Despite its sci-fi plot, Movement + Location is a gently paced, well-acted, and honest depiction of relationships and responsibility in modern-day Brooklyn. New York City can be a lonely place, and the film explores the hesitancy people often feel while considering making a connection in a new environment (while providing fodder for those who believe in past lives and that we can perhaps orchestrate meetings in different times). The film can get frustrating — there are many moments when you just want to shake Kim and yell at her to just tell the truth already — but it’s also sympathetic and compassionate. All the while, Dan Tepfer’s creepy 1970s synth score lurks over the proceedings. On her blog, Bodine recently wrote about the Brooklyn Film Festival, “They program impressive, gorgeous films and I am so honored and also very f&*king psyched to be included in company like this.” Movement + Location is screening May 31 at Windmill Studios and June 8 at IndieScreen, with both showings followed by Q&As with members of the cast and crew. The festival runs May 30 – June 8, consisting of more than one hundred narrative features, documentaries, shorts, animated works, and experimental films from around the world.

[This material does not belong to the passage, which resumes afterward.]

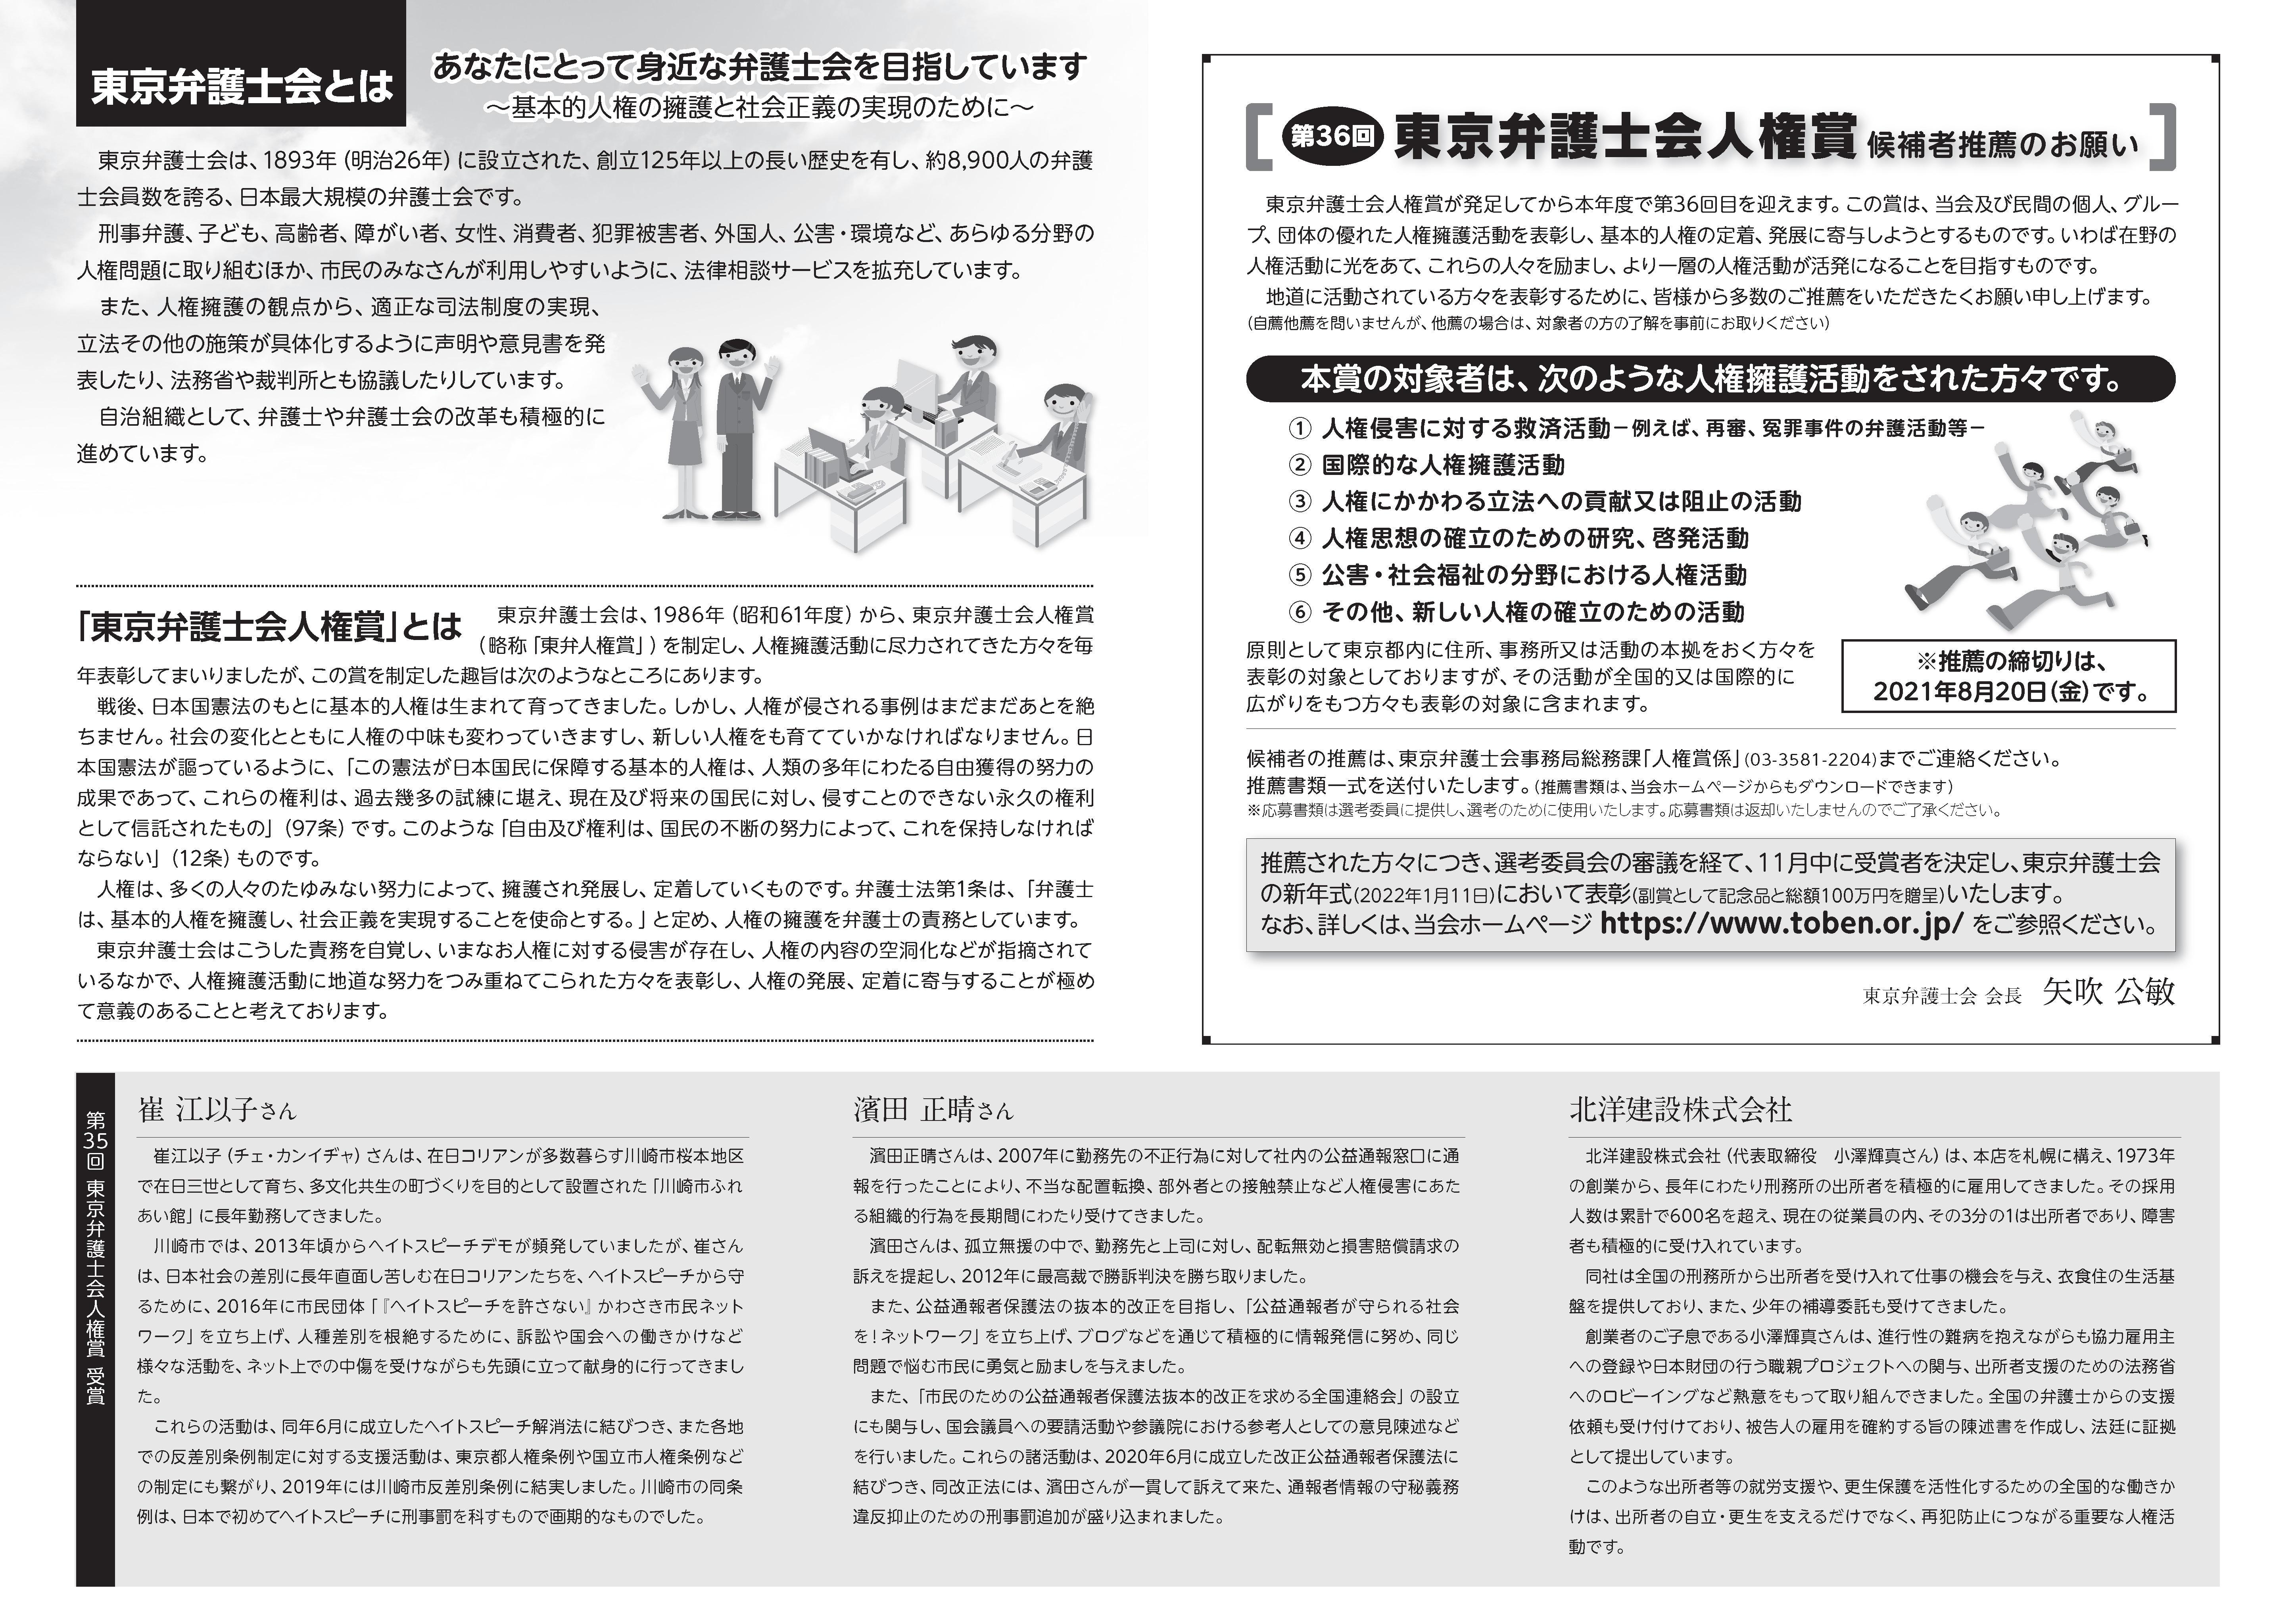 2021_tobenjinkenshou_pamphlet2.jpg

N.Y. PORTUGUESE SHORT FILM FESTIVAL

Tribeca Cinemas
54 Varick St. at Laight St.
Friday, May 30, and Saturday, May 31, $15 (two-day pass $25), 7:30
www.nypsff.arteinstitute.org

Portugal’s most famous filmmaker might be Manoel de Oliveira, who is still making movies at the age of 105, but that doesn’t mean there isn’t a slew of significantly younger directors on the rise in the European nation. The N.Y. Portuguese Short Film Festival, which was started in 2011 by the Arte Institute as part of its mission to “serve as a platform for intercultural inspiration and as a catalyst for an innovative artistic dialogue between the many communities in New York and Portuguese artists,” will showcase many of those up-and-coming auteurs this weekend in New York, Lisbon, and Cascais. Tribeca Cinemas will screen nine short works each night, beginning Friday with José Trigueiros’s God by the Neck (Dios Por El Cuello), Josemaria RRA’s Ptolmus, Luís Costa’s Fontelonga, 1997 Moscow International Film Festival Best Young Actor winner Afonso Pimentel’s To Dust (Pó), Luís Soares’s Any Other Man (Outro Homem Qualquer), André Miranda and Diogo Leitão’s Schizophonia (Esquizophonia) (with popular star João Reis), Rui Falcão’s Balance (Balança), André Braz’s Soul (Alma), and Vasco Mendes’s No Mistakes; Saturday’s lineup consists of Ricardo Martins’s What Love Means to Me (O Que Eu Entendo Por Amor), David Bonneville’s Gypsy (Cigano), Ana Cardoso, Filipe Fonseca, Liliana Sobreiro, and Luís Catalo’s Alda, Filipe Coutinho’s Homecoming, Cláudia Alves’s The Postman (El Cartero), Filipa Ruiz’s As the Days Went By, Nuno Serrão’s The Third Attempt, and Sam Andrês’s Chaos Et Equilibrium. The opening night program will be followed by an after-party ($15, free with festival ticket) featuring Brick City Riot, the musical duo of DJ Mavric and drummer Carlos Ferreira. The five-person jury that selected the films will also choose one work to take home the $1,000 prize.

MANHATTANHENGE 2014

Manhattanhenge will light up crosstown traffic May 28-29 and July 12-13 (photo by twi-ny/mdr)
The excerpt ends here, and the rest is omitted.